L’idée de l’UE d’emprunter conjointement pour atteindre des objectifs communs, comme c’est le cas avec la relance post-pandémie, pourrait être réutilisée si la mise en œuvre du plan de relance est un succès. C’est ce qu’a déclaré le commissaire européen à l’Économie Paolo Gentiloni ce lundi (13 décembre).
Dans une opération sans précédent visant à prévenir la fragmentation économique engendrée par la pandémie de Covid-19, les pays de l’Union européenne ont convenu l’an dernier d’emprunter conjointement 750 milliards d’euros et de les consacrer à la relance de leurs économies, en les rendant plus écologiques et plus numériques.
L’emprunt conjoint a été considéré par beaucoup comme la rupture d’un tabou et les marchés financiers ont accueilli la décision avec enthousiasme, suscitant des spéculations sur la possibilité de transformer ce fonds de relance, appelé NextGenerationEU (NGEU), en un dispositif plus permanent, ce à quoi de nombreux pays d’Europe du Nord sont fermement opposés.
« En effet, c’était une décision extraordinaire », a déclaré M. Gentiloni à la commission budgétaire du Parlement européen à Strasbourg lors d’une audition, en réponse à une question d’un législateur.
« Toutefois, nous devons reconnaître le fait qu’elle a été conçue comme une mesure unique, cela figure dans les actes juridiques. Cela signifie-t-il que cette méthode de collecte de ressources communes pour un objectif commun ne pourra plus jamais être utilisée dans l’UE ? Je ne le pense pas. Je pense que cela pourrait encore être utilisé, et cela n’a rien à voir avec le fait de le rendre permanent », a-t-il ajouté.
« Pour cela, nous devons toutefois réussir la mise en œuvre de l’instrument de l’Union européenne pour la relance, NextGenerationEU, et relever le défi que constitue la mobilisation de ressources propres plus robustes », a déclaré M. Gentiloni, faisant référence aux sources de revenus réservées au budget de l’UE à partir desquelles l’emprunt de 750 milliards d’euros doit être remboursé.
Dans un entretien accordé à EURACTIV Italie, Enrico Letta, ancien premier ministre italien et actuel secrétaire du Partito Democratico, s’est prononcé en faveur de l’intégration permanente du fonds de relance de l’UE dans la politique européenne. Toutefois, comme M. Gentiloni, il a souligné qu’une bonne utilisation des fonds de l’instrument NGEU serait une condition préalable à toute démarche de ce type.
Selon M. Letta, la responsabilité de l’Italie « est énorme car si l’Italie n’utilise pas correctement les fonds européens, ce sera un désastre pour l’Europe et, à la fin, les frugaux auront raison de dire : “Vous voyez, nous n’aurions pas dû vous donner cet argent et nous n’aurions pas dû faire de grands investissements communs non plus” ».
« Il est essentiel que l’Italie et l’Espagne, qui sont les deux principaux bénéficiaires, utilisent correctement cet argent », a-t-il ajouté.
Dans le cadre du programme NGEU, chacun des 27 pays de l’UE reçoit des subventions et des prêts à taux réduit pour investir dans la réduction des émissions de dioxyde de carbone ainsi que dans l’adaptation des économies à l’ère numérique.
Les fonds destinés à ces projets proviennent de la Commission, qui les distribuera aux gouvernements par tranches jusqu’en 2026 en fonction de la réalisation des étapes et des objectifs fixés conjointement.
La Commission a déjà versé 54 milliards d’euros en prépaiements à 18 pays pour le lancement de projets. D’autres prépaiements sont en cours, car les plans de dépenses de 22 pays ont déjà été approuvés par la Commission, conformément aux objectifs communs de l’UE.

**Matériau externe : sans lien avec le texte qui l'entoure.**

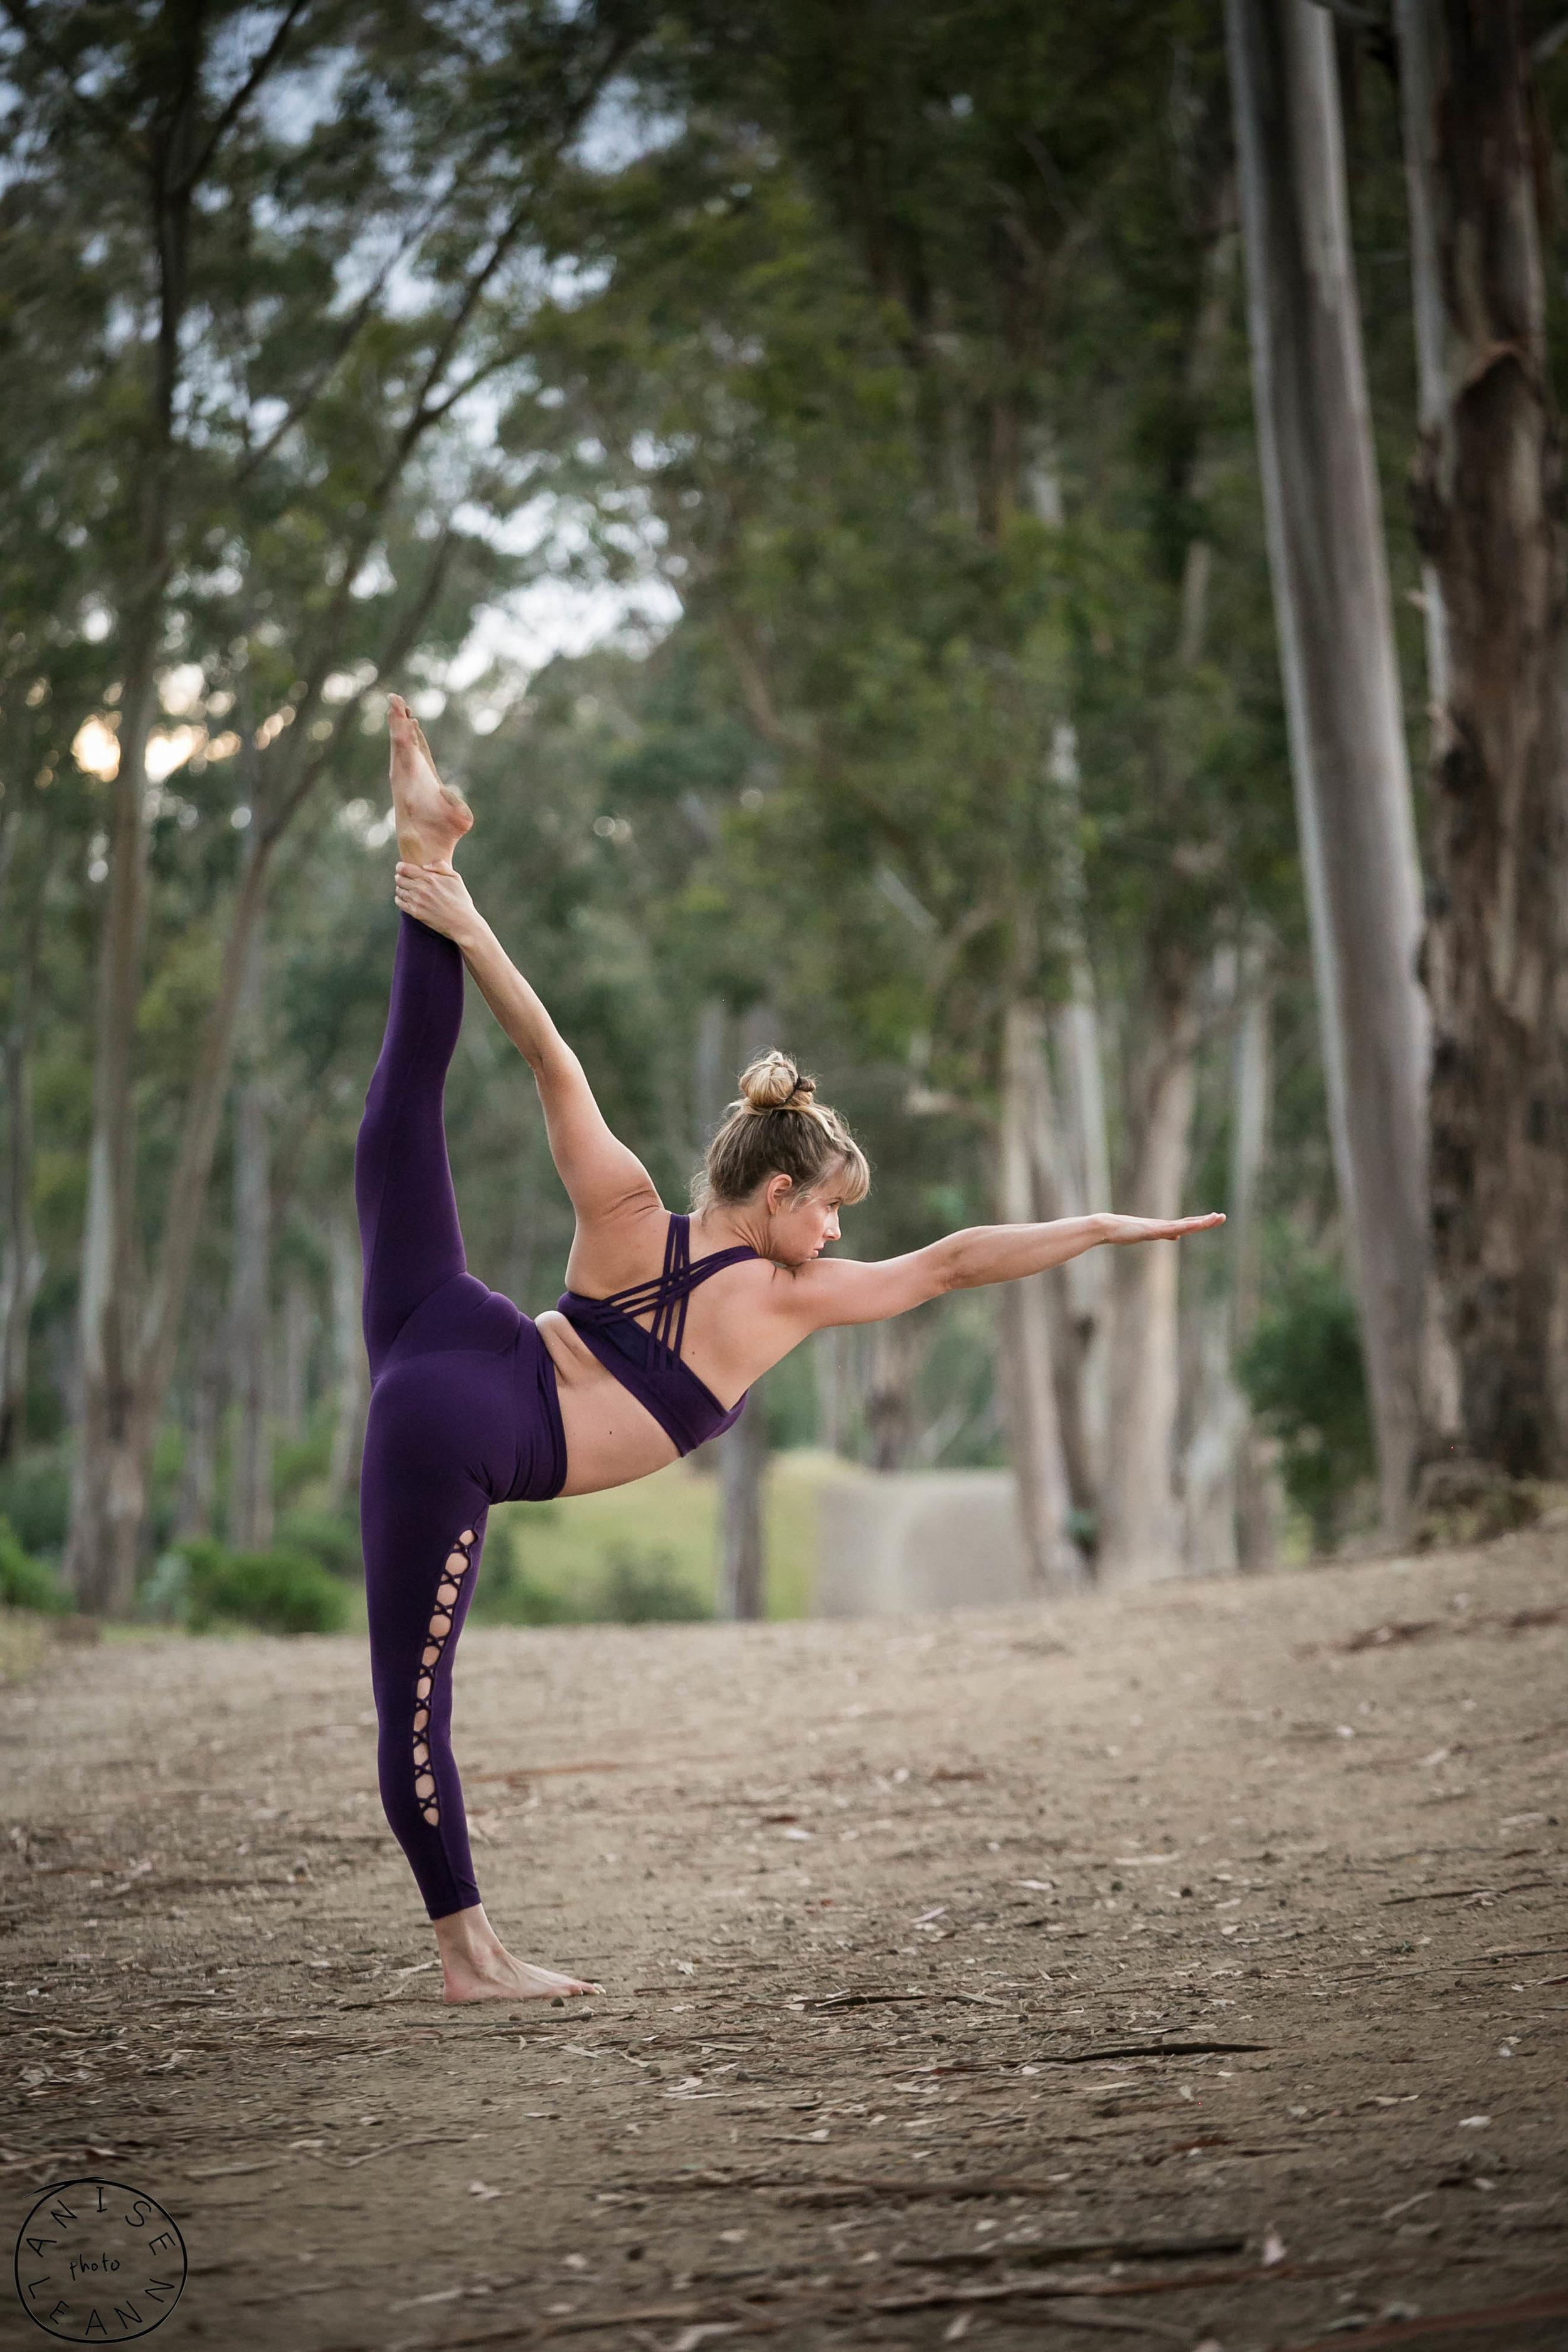 erika yoga -58.jpg

Parmi les cinq États membres restants, l’approbation des plans des Pays-Bas et de la Bulgarie a été retardée en raison de changements de gouvernement, et la Commission a déclaré que des progrès satisfaisants avaient été réalisés dans l’approbation du programme de la Suède.
L’approbation des plans de dépenses de la Pologne et de la Hongrie se heurte toutefois à des difficultés plus importantes car l’exécutif européen estime que la Pologne ne satisfait pas à la condition d’indépendance du système judiciaire et que la Hongrie a des problèmes de corruption, deux problèmes qui compromettent une utilisation correcte des fonds européens.
Une proposition visant à introduire de nouvelles ressources propres pour l’UE, afin de rembourser l’argent emprunté pour l’instrument NGEU, devrait être présentée par la Commission le 22 décembre prochain.
Roberto Castaldi d’EURACTIV Italie a contribué à la rédaction de cet article.